*Information provided:*

####################

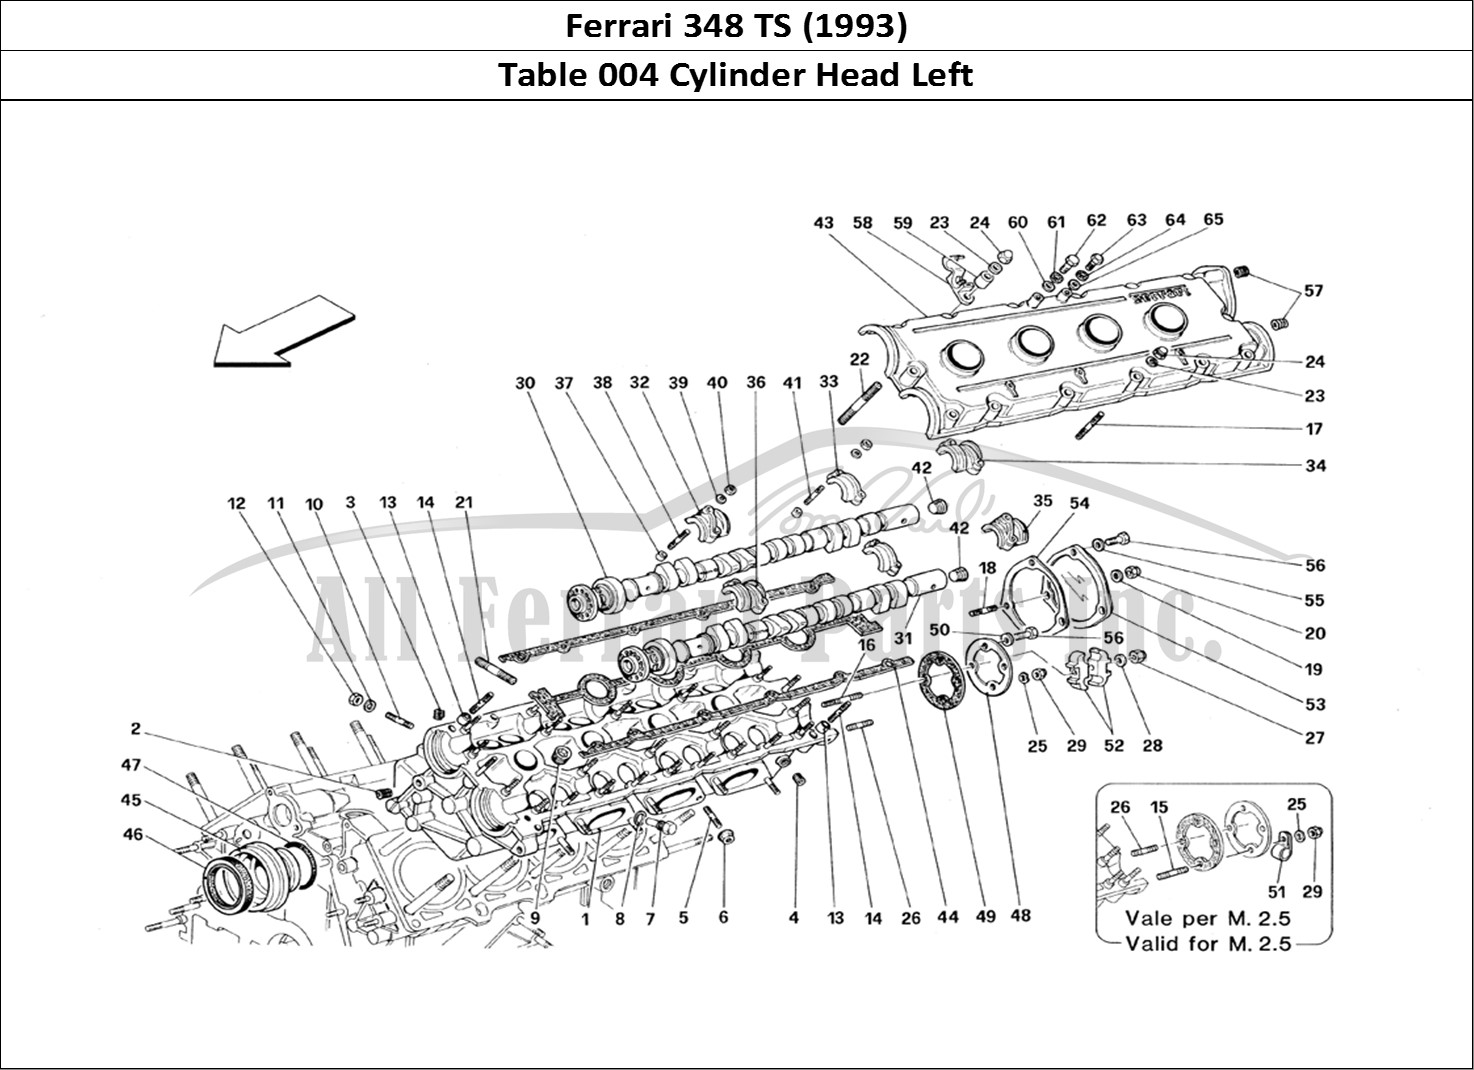 Ferrari Parts Ferrari 348 TB (1993) Page 004 L.H. Cylinder Head
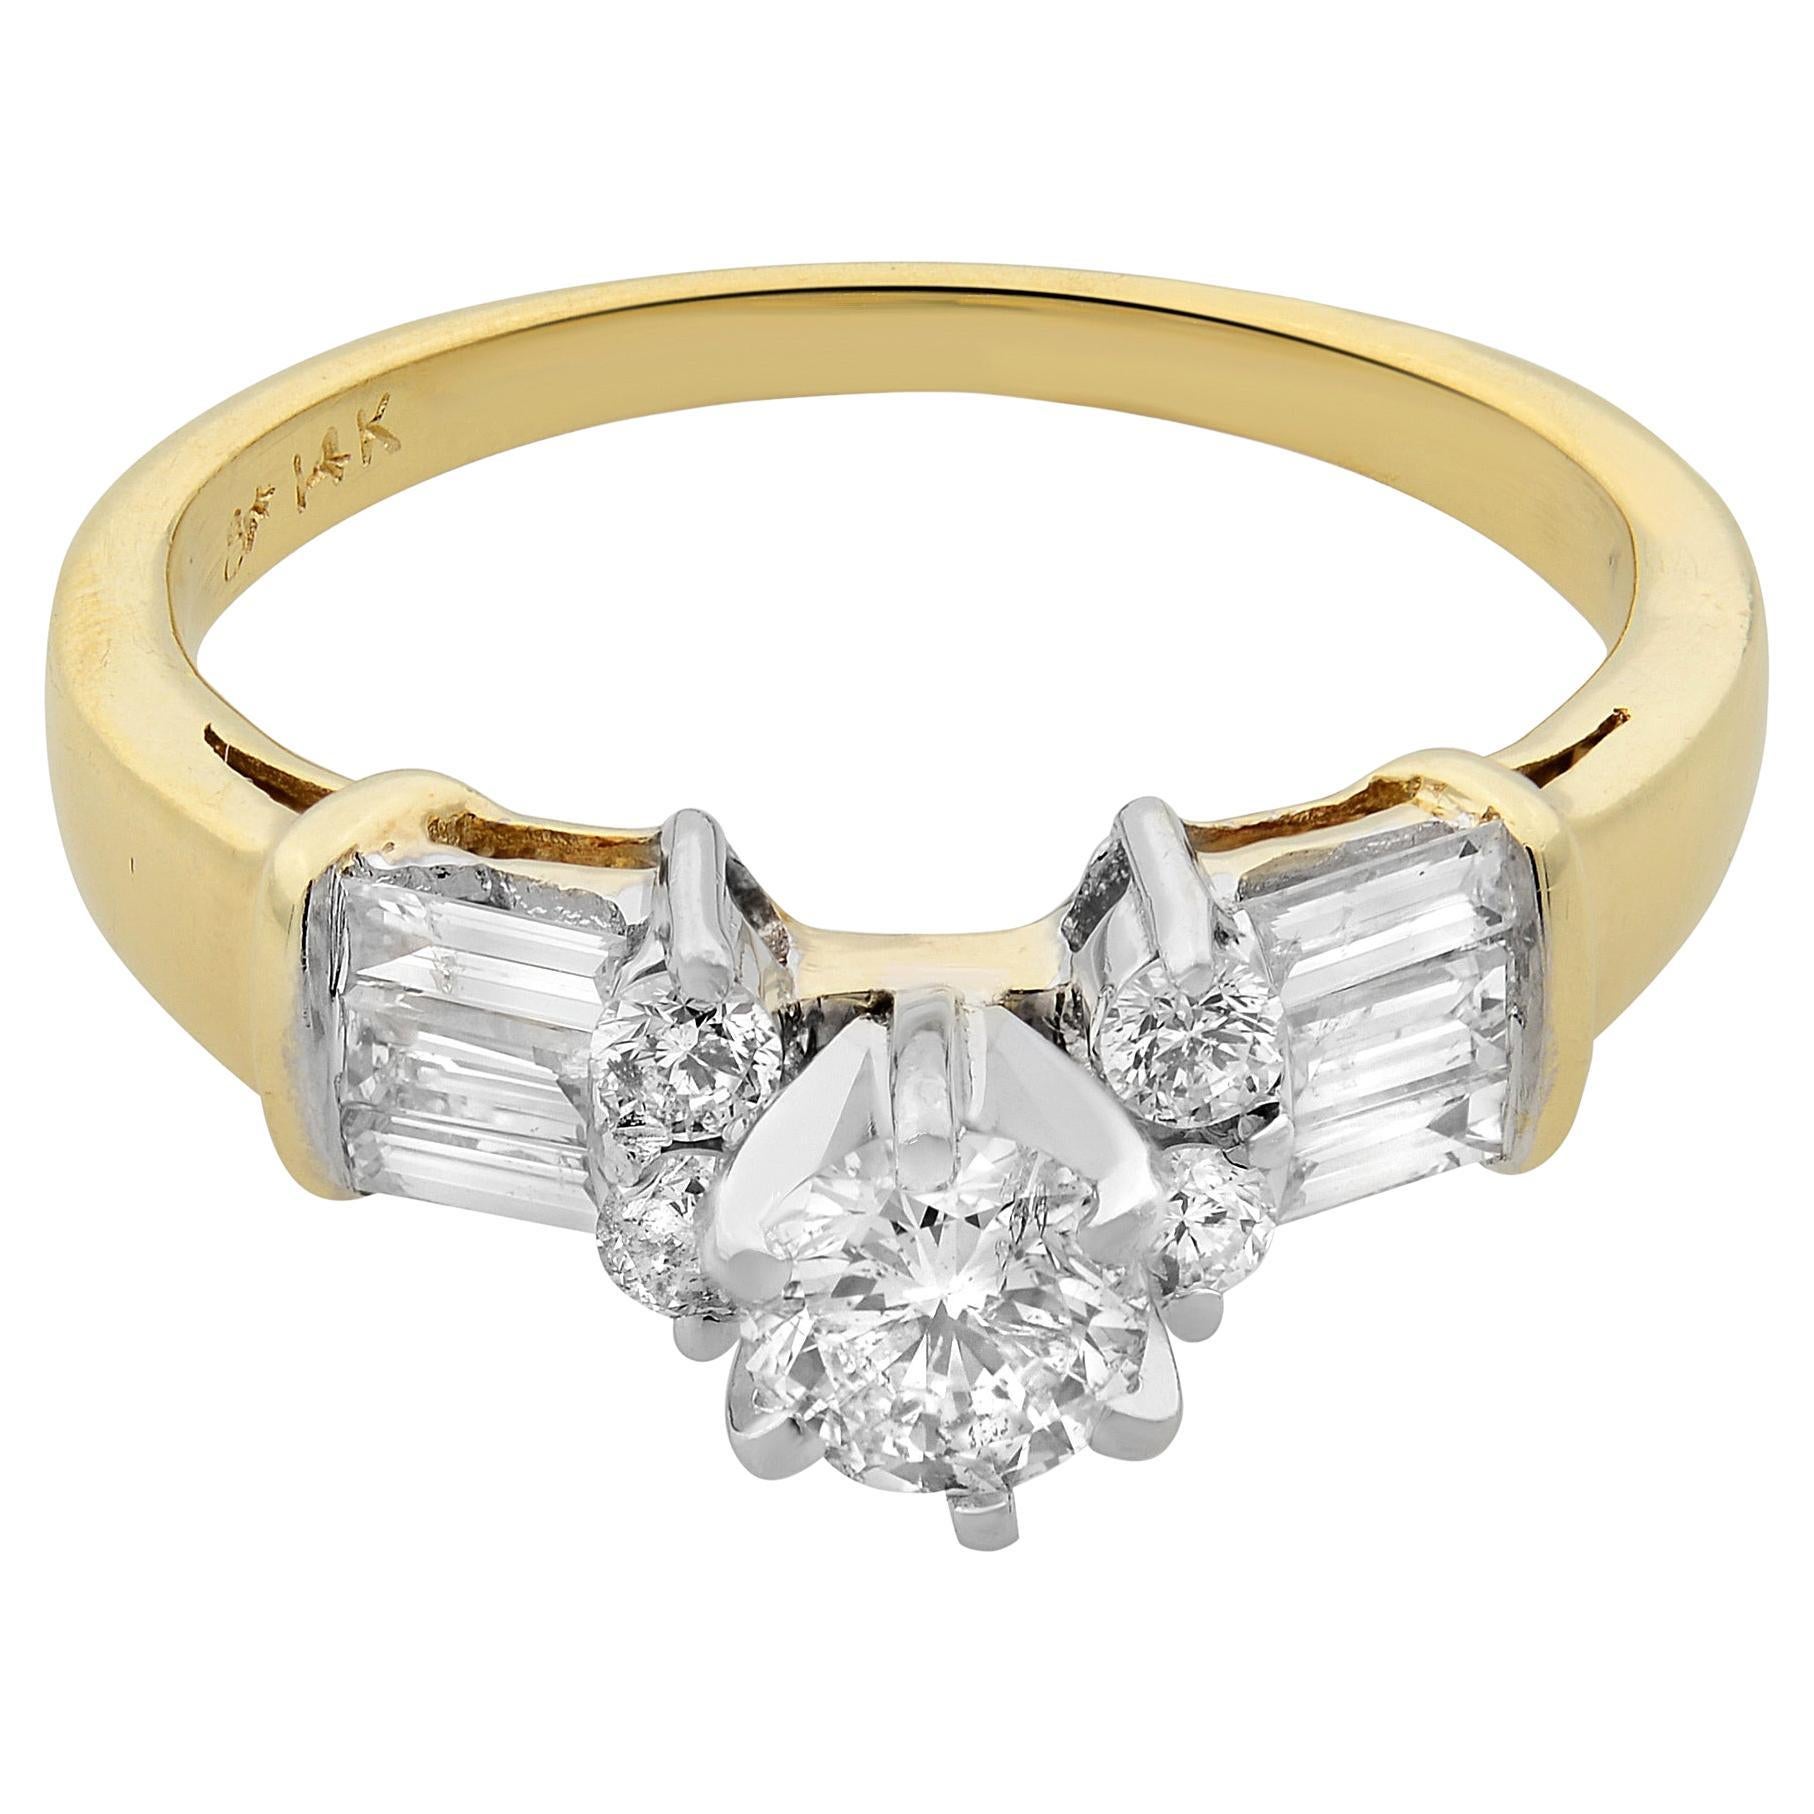 1.00Cttw Round & Baguette Cut Diamond Engagement Ring 14K Yellow Gold Size 6.5
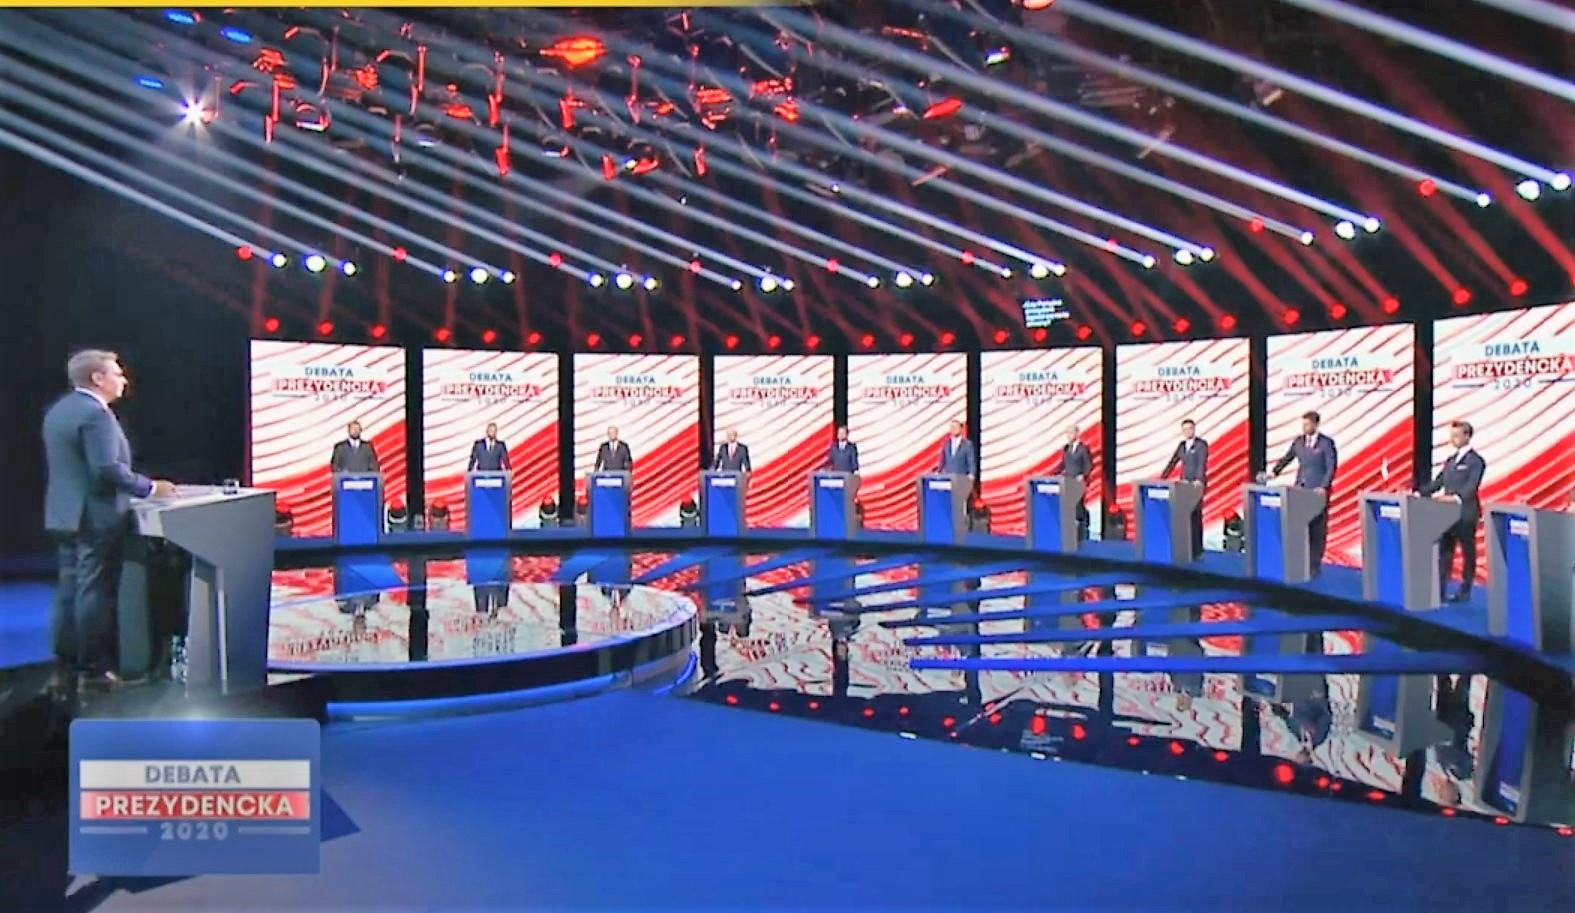 Debata prezydencka TVP - prowadzący i kandydaci

####################

*What you are asked to do:*
Copy out exactly, without any pictures, the lines above that begin at the one with "1.00Cttw Round &" and end at the last line of the listing.

*Expected answer:*
 1.00Cttw Round & Baguette Cut Diamond Engagement Ring 14K Yellow Gold Size 6.5
 Debata prezydencka TVP - prowadzący i kandydaci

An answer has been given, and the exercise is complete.